* TASK REQUIREMENTS:
Transcribe every line from the one containing "purple flowered Lilium" to the end of the listing, exactly as written, and leave out the pictures.

____________________

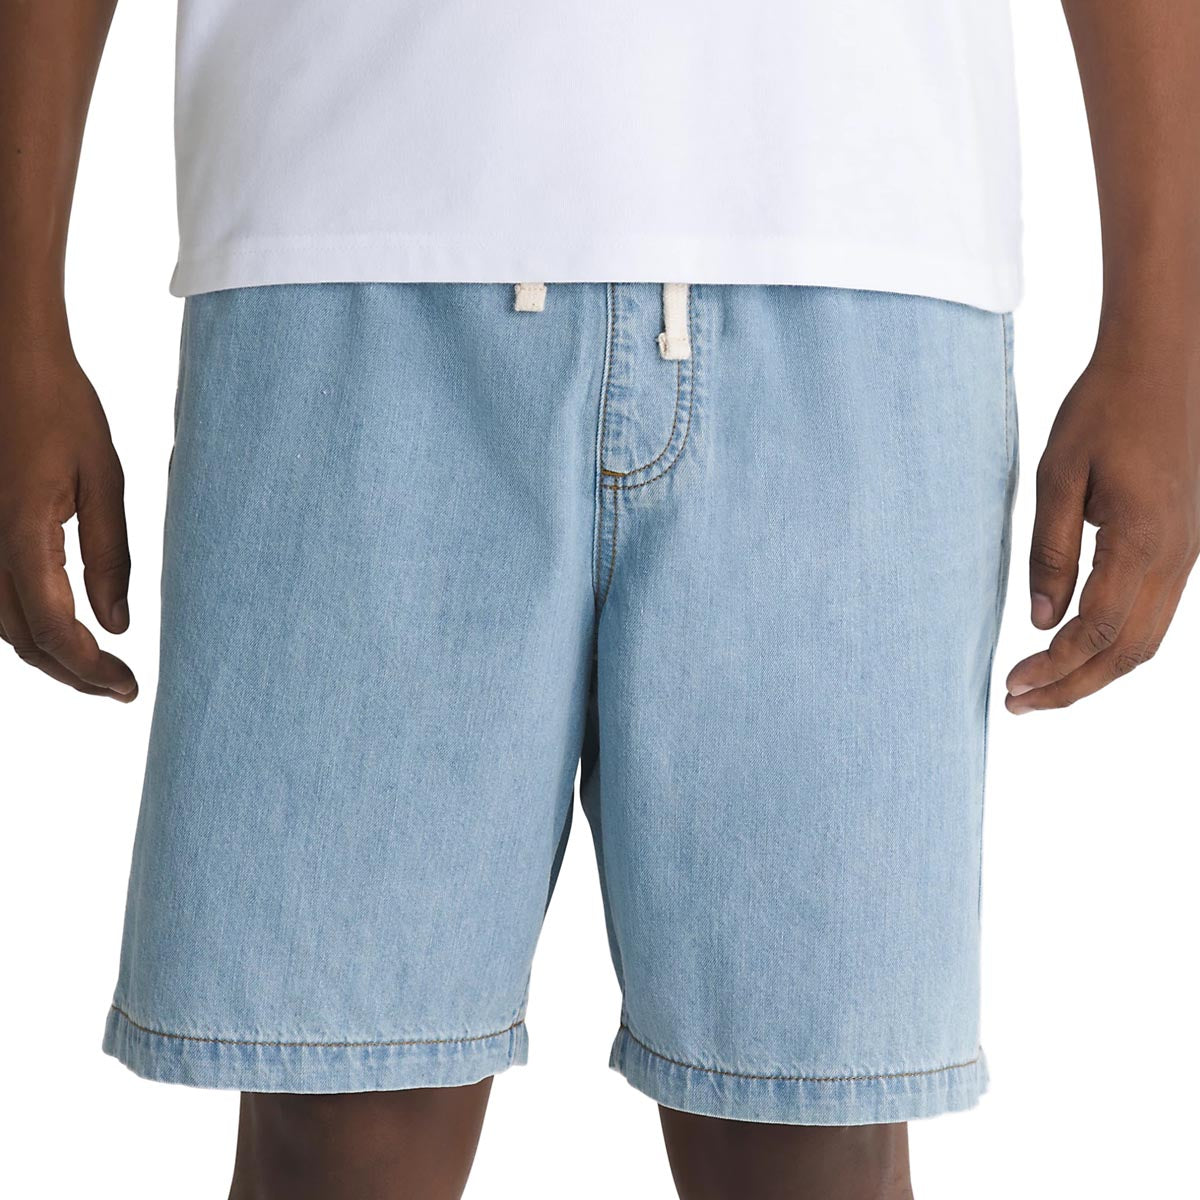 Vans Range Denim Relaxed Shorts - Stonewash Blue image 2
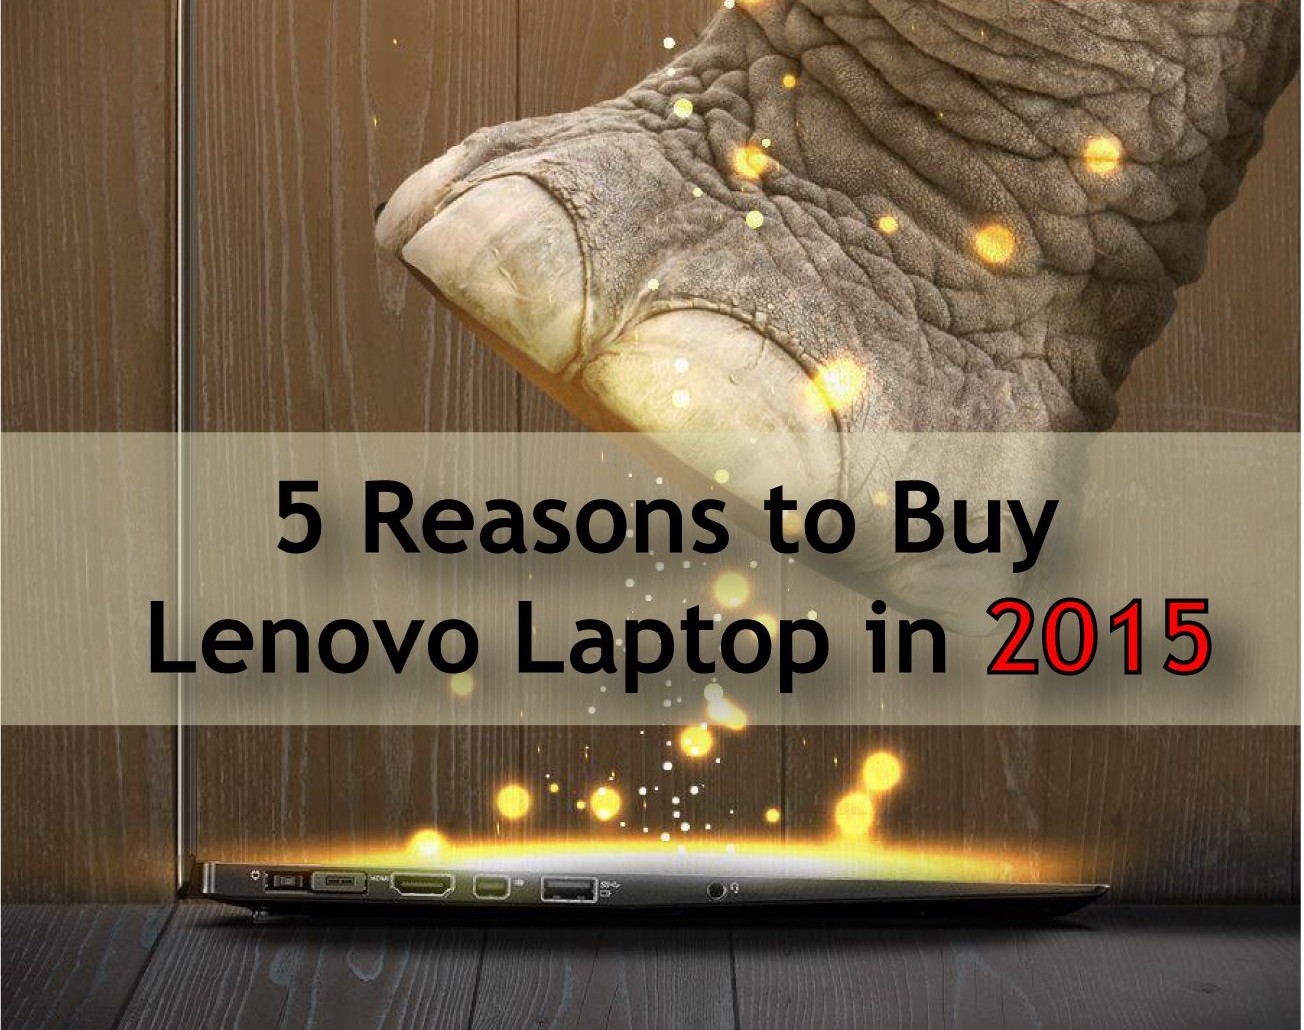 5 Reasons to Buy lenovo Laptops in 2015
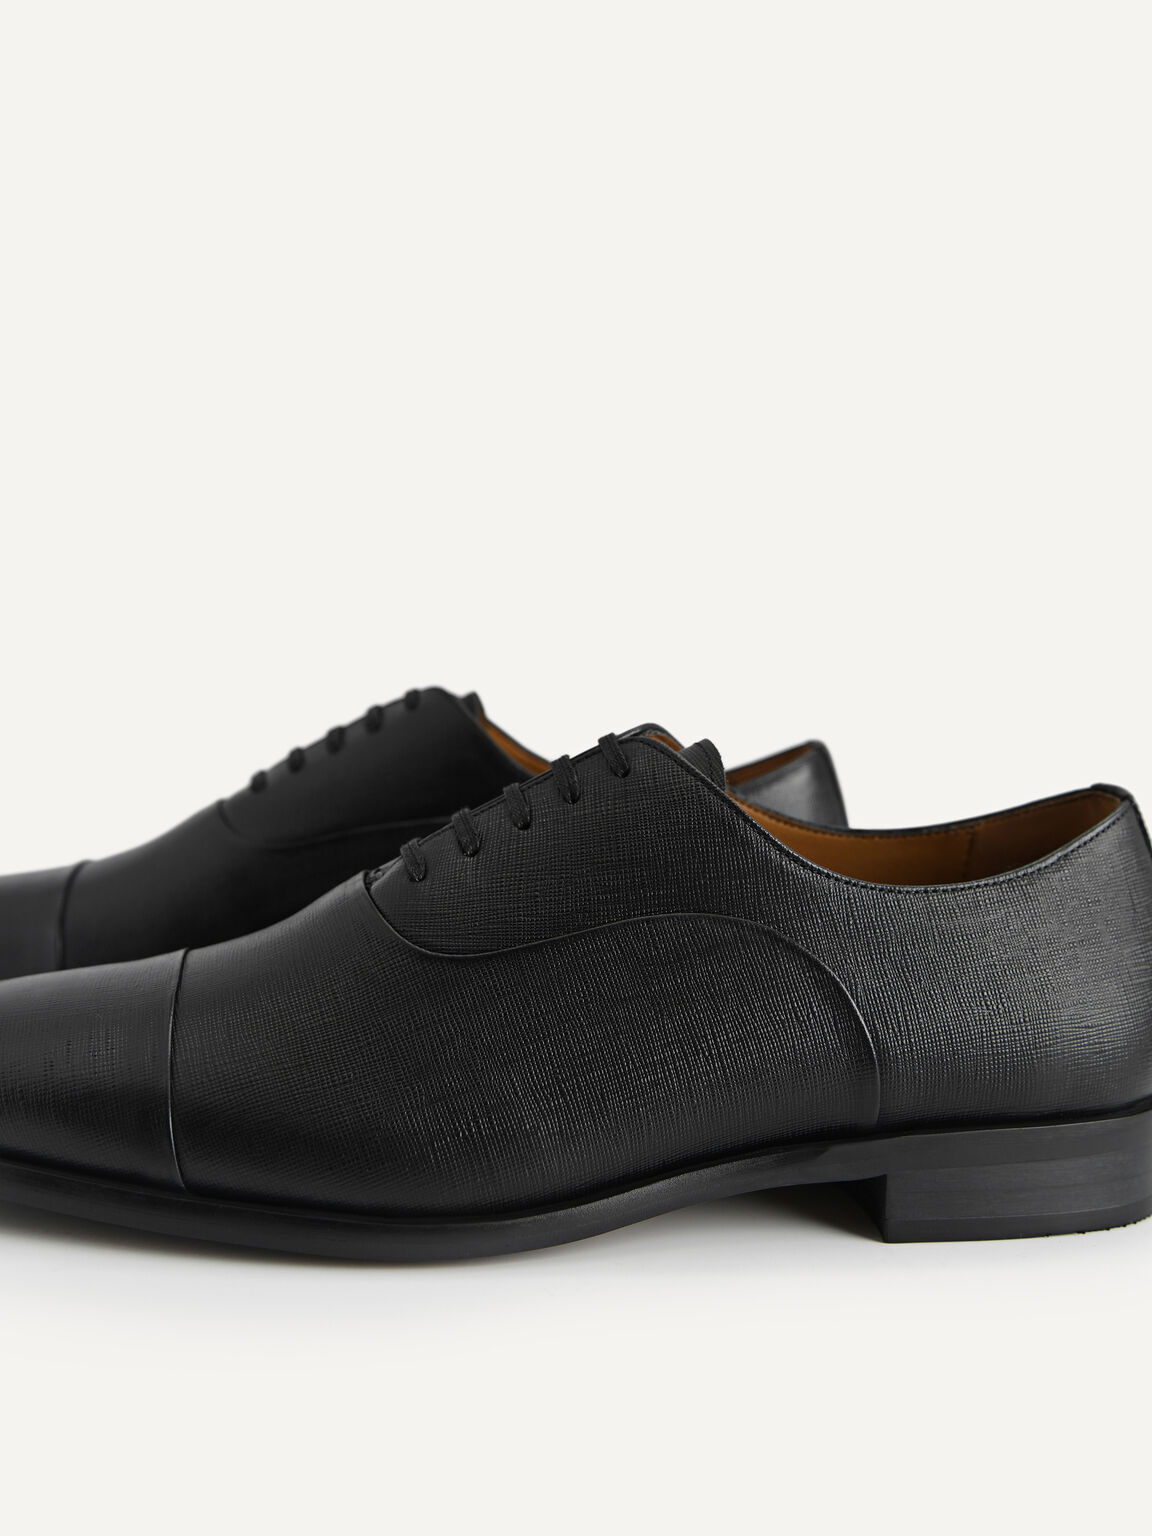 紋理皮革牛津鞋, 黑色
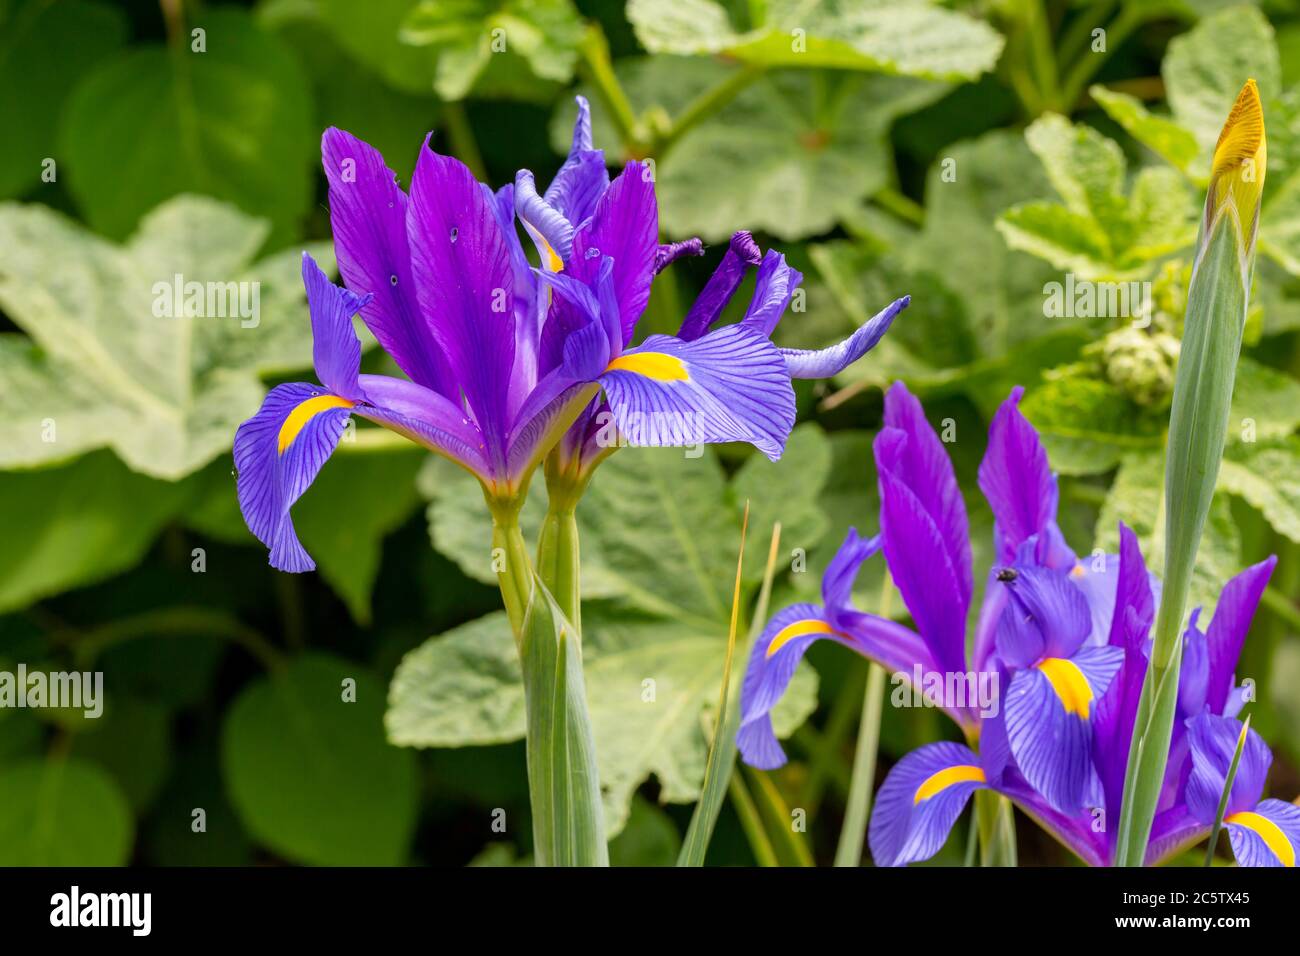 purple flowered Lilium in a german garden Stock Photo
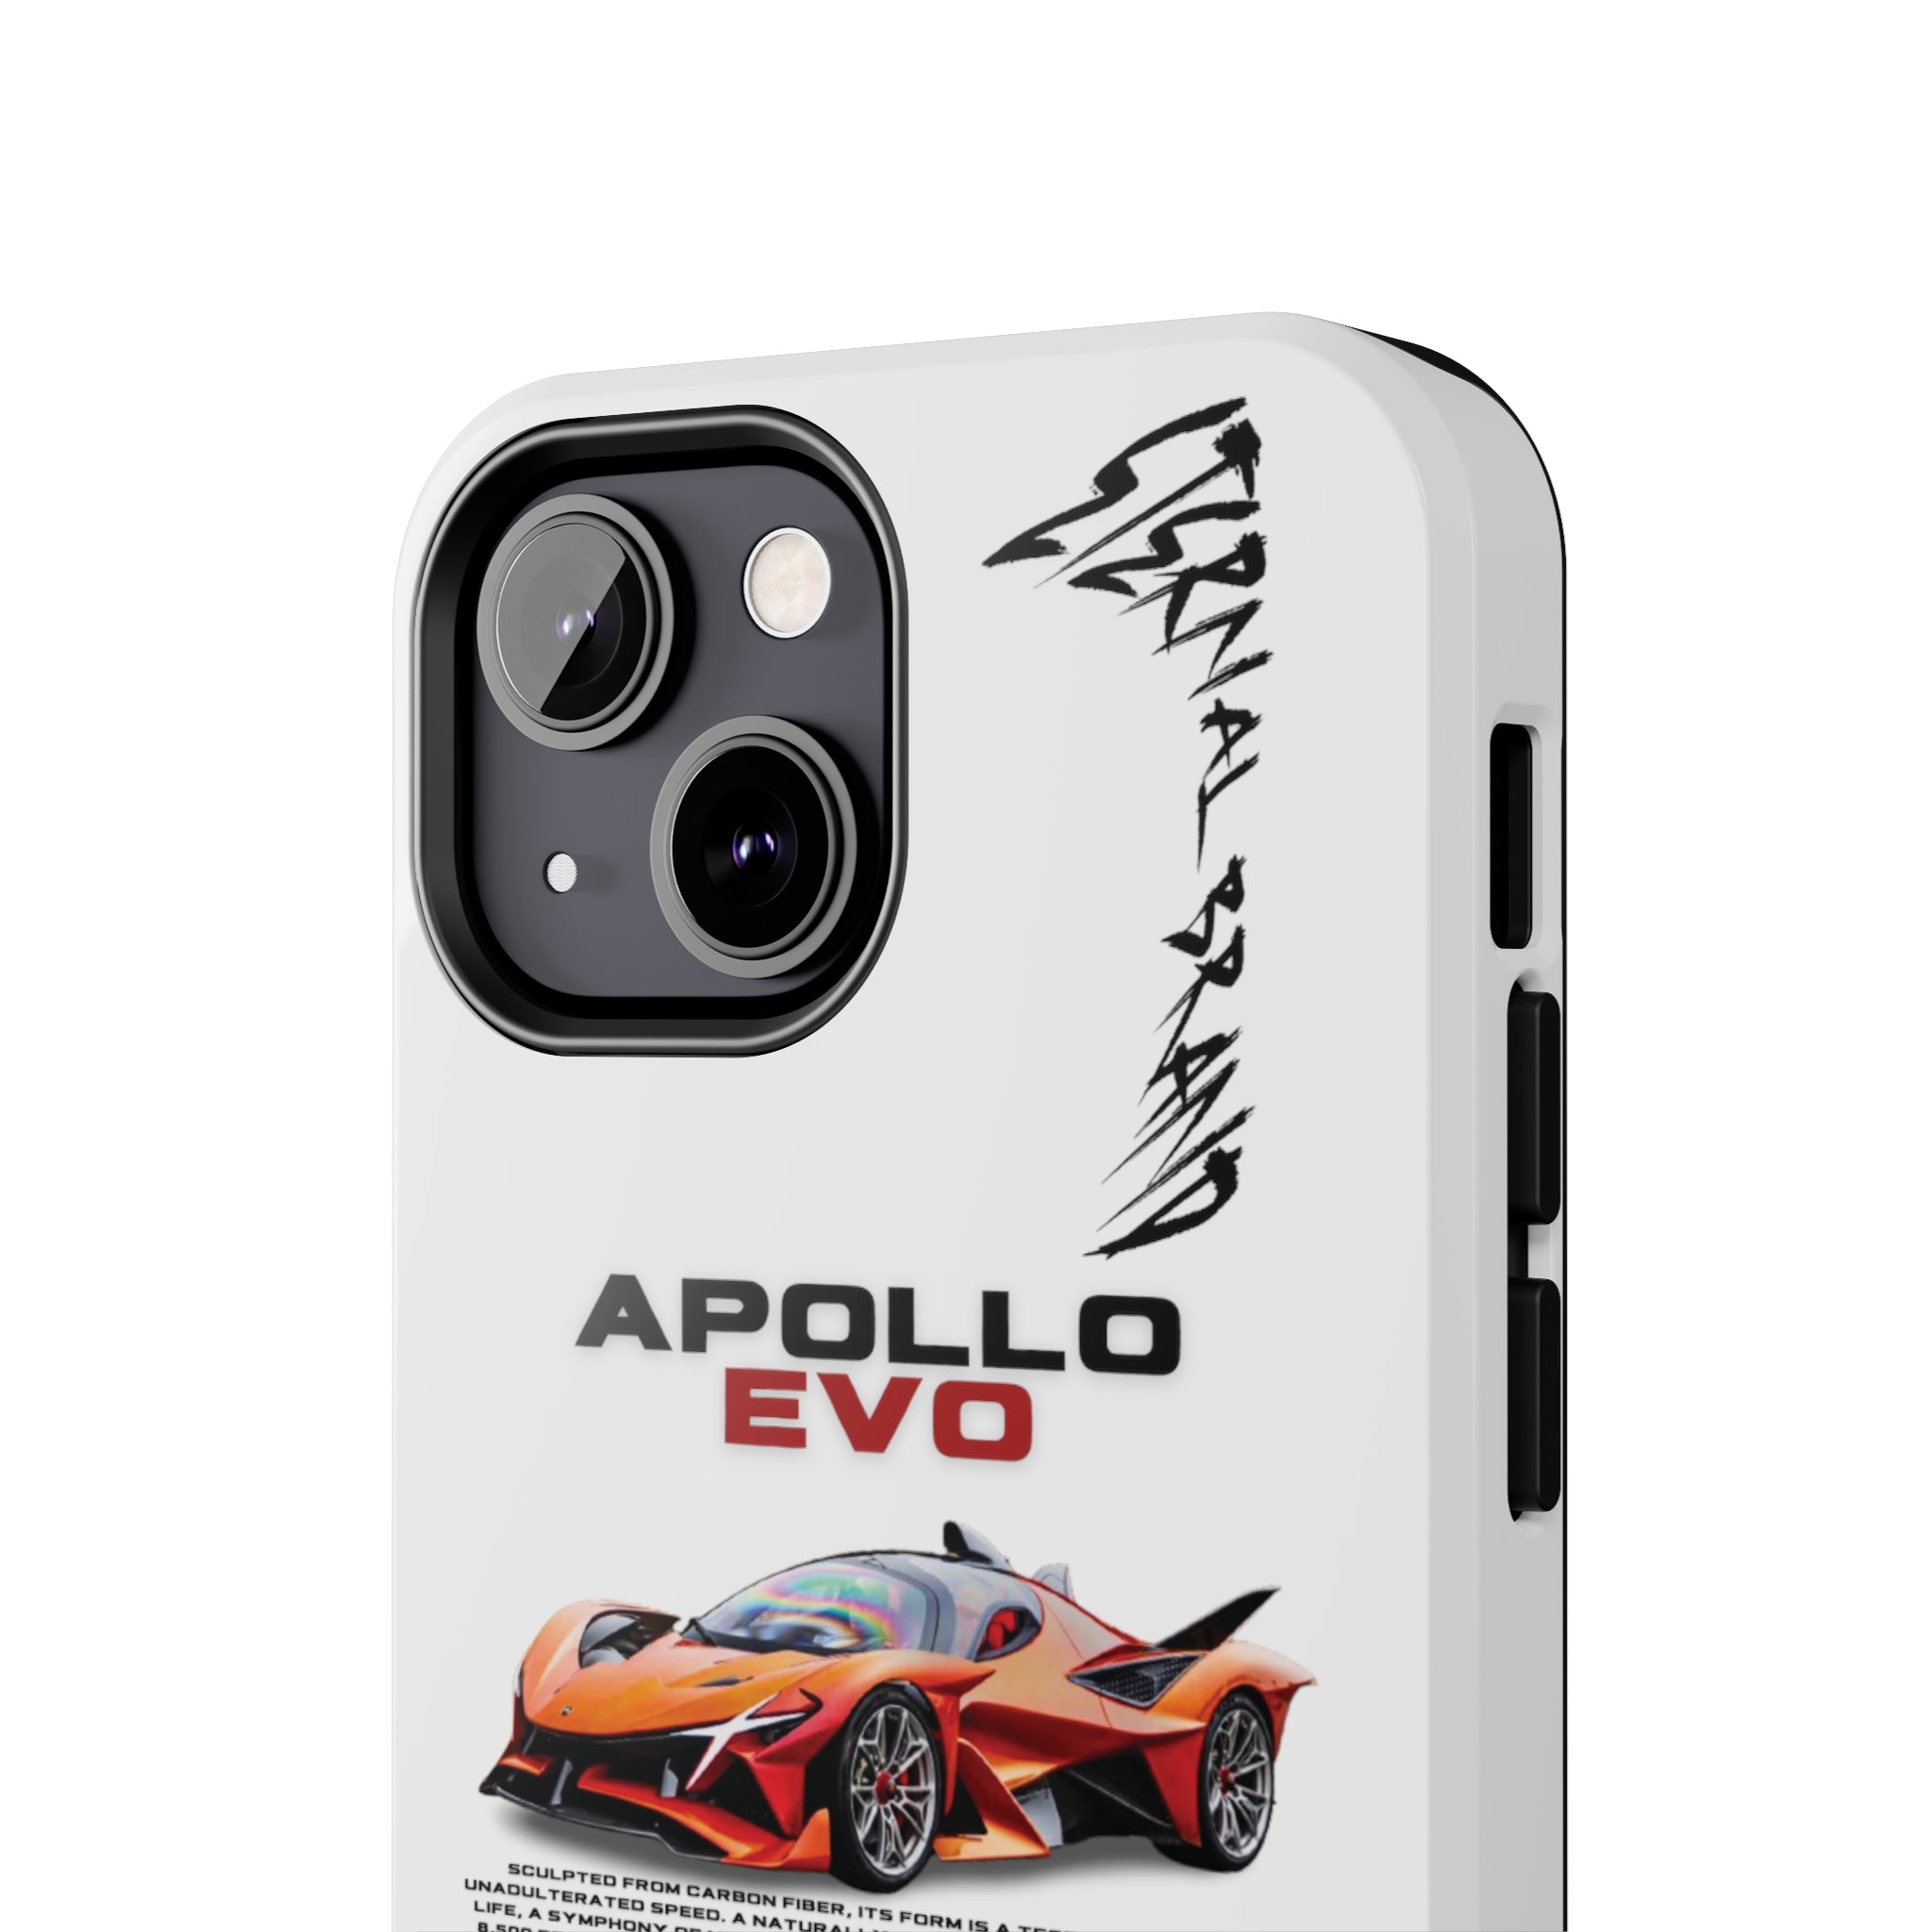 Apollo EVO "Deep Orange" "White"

____________________

* REPLY TO THE EXERCISE:
 purple flowered Lilium in a german garden Stock Photo
 Apollo EVO "Deep Orange" "White"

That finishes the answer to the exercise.